Abstract

Insulin pump, continuous glucose monitoring (CGM), and sensor augmented pump (SAP) technology have evolved continuously leading to the development of automated insulin delivery (AID) systems. Evaluation of the use of diabetes technologies in people with T1D from January 2018 to December 2021. A patient registry (Diabetes Prospective Follow-up Database [DPV]) was analyzed for use of SAP (insulin pump + CGM ≥90 days, no automated dose adjustment) and AID (HCL or LGS/PLGS). In total 46,043 people with T1D aged 0.5 to <26 years treated in 416 diabetes centers (Germany, Austria, Luxemburg, and Switzerland) were included and stratified into 4 groups A-D according to age. Additionally, TiR and HbA1c were analyzed.
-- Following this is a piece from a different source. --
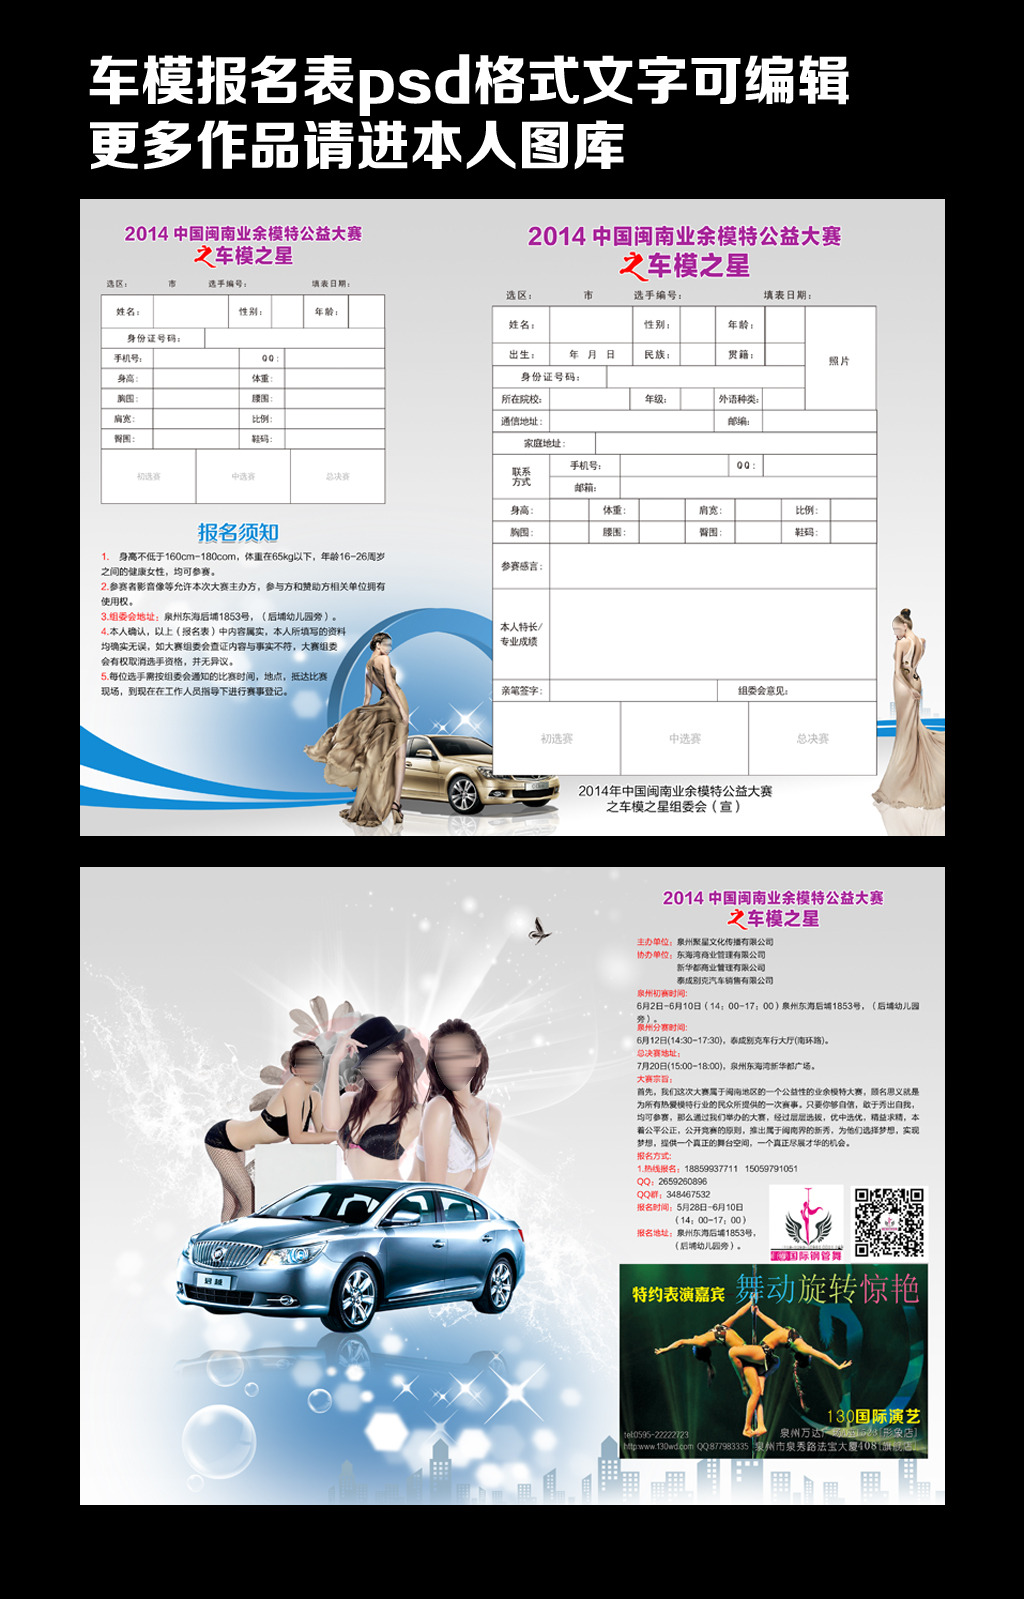 车模报名表彩页模板下载 车模报名表彩页图片下载 车模报名表彩页
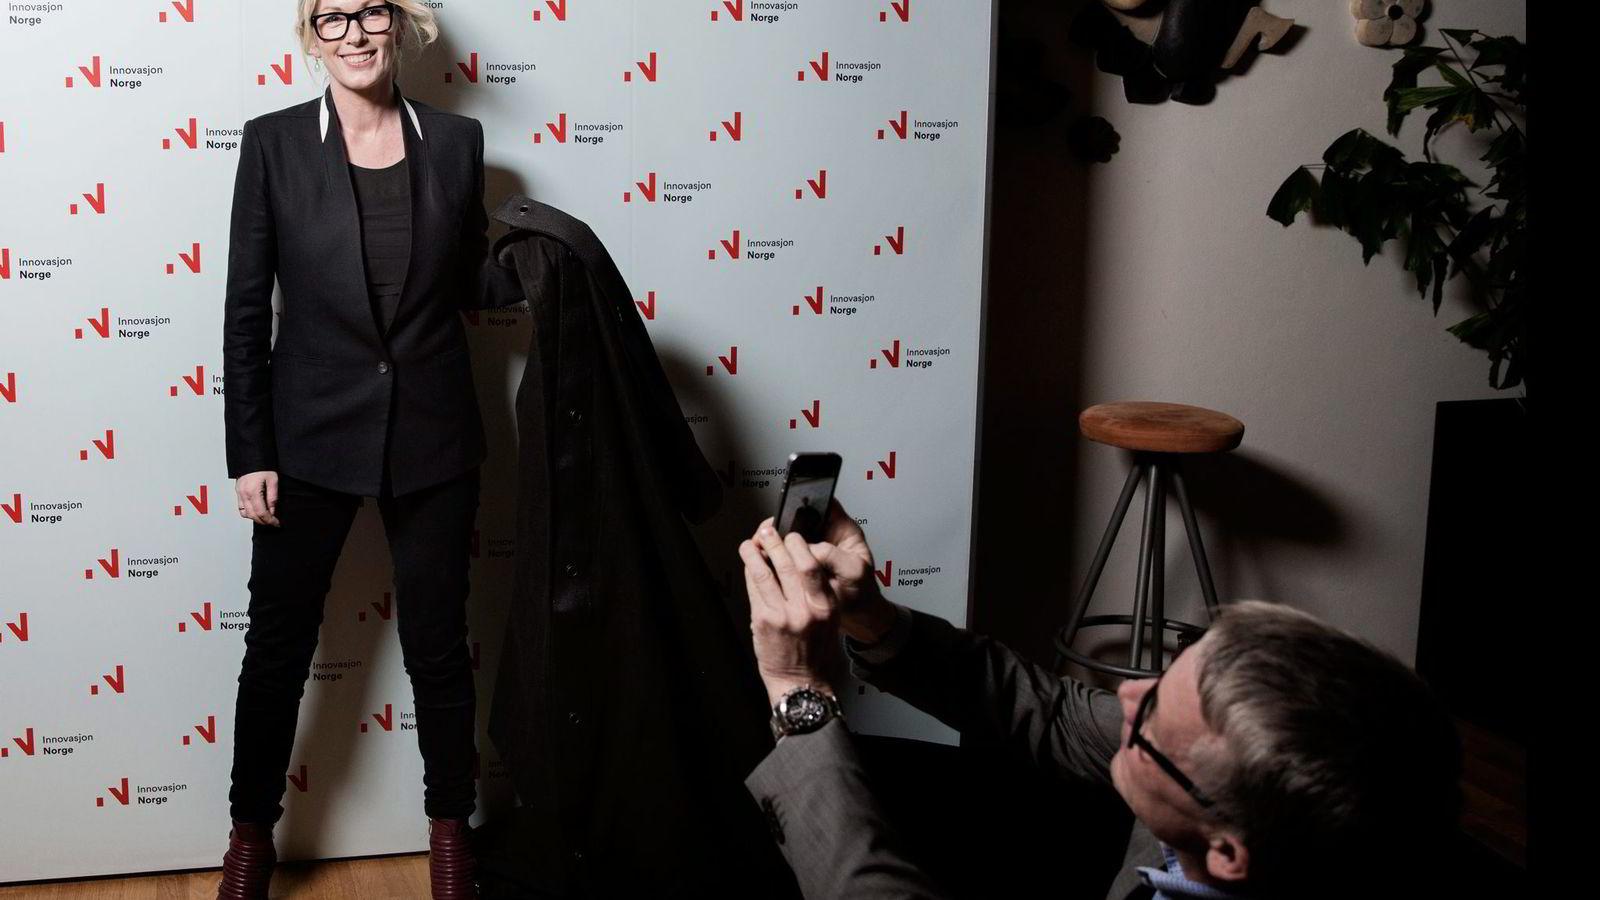 Anita Krohn Traaseth, er kjent for sin aktive bruk av sosiale medier for å involvere og skape dialog. Foto: Fredrik Bjerknes

From 2018 to 2021, there was a significant increase from 28.7% to 32.9% (sensor augmented pump [SAP]) and 3.5% to 16.6% (AID) across all age groups, with the most frequent use in group A (<7 years, 38.8%-40.2% and 10.3%-28.5%). A similar increase in SAP and AID use was observed in groups B (7 to <11 years) and C (11 to <16 years): B: +15.8 PP, C: +15.9 PP. HbA1c improved significantly in groups C and D (16 to <26 years) (both P < .01). Time in range (TiR) increased in all groups (A: +3 PP; B: +5 PP; C: +5 PP; D: +5 PP; P < 0.01 for each group). Insulin pumps (61.0% versus 53.4% male) and SAP (33.5% versus 28.9% male) are used more frequently in females. In recent years, we found an increasing use of new diabetes technologies and an improvement in metabolic control (TiR) across all age groups.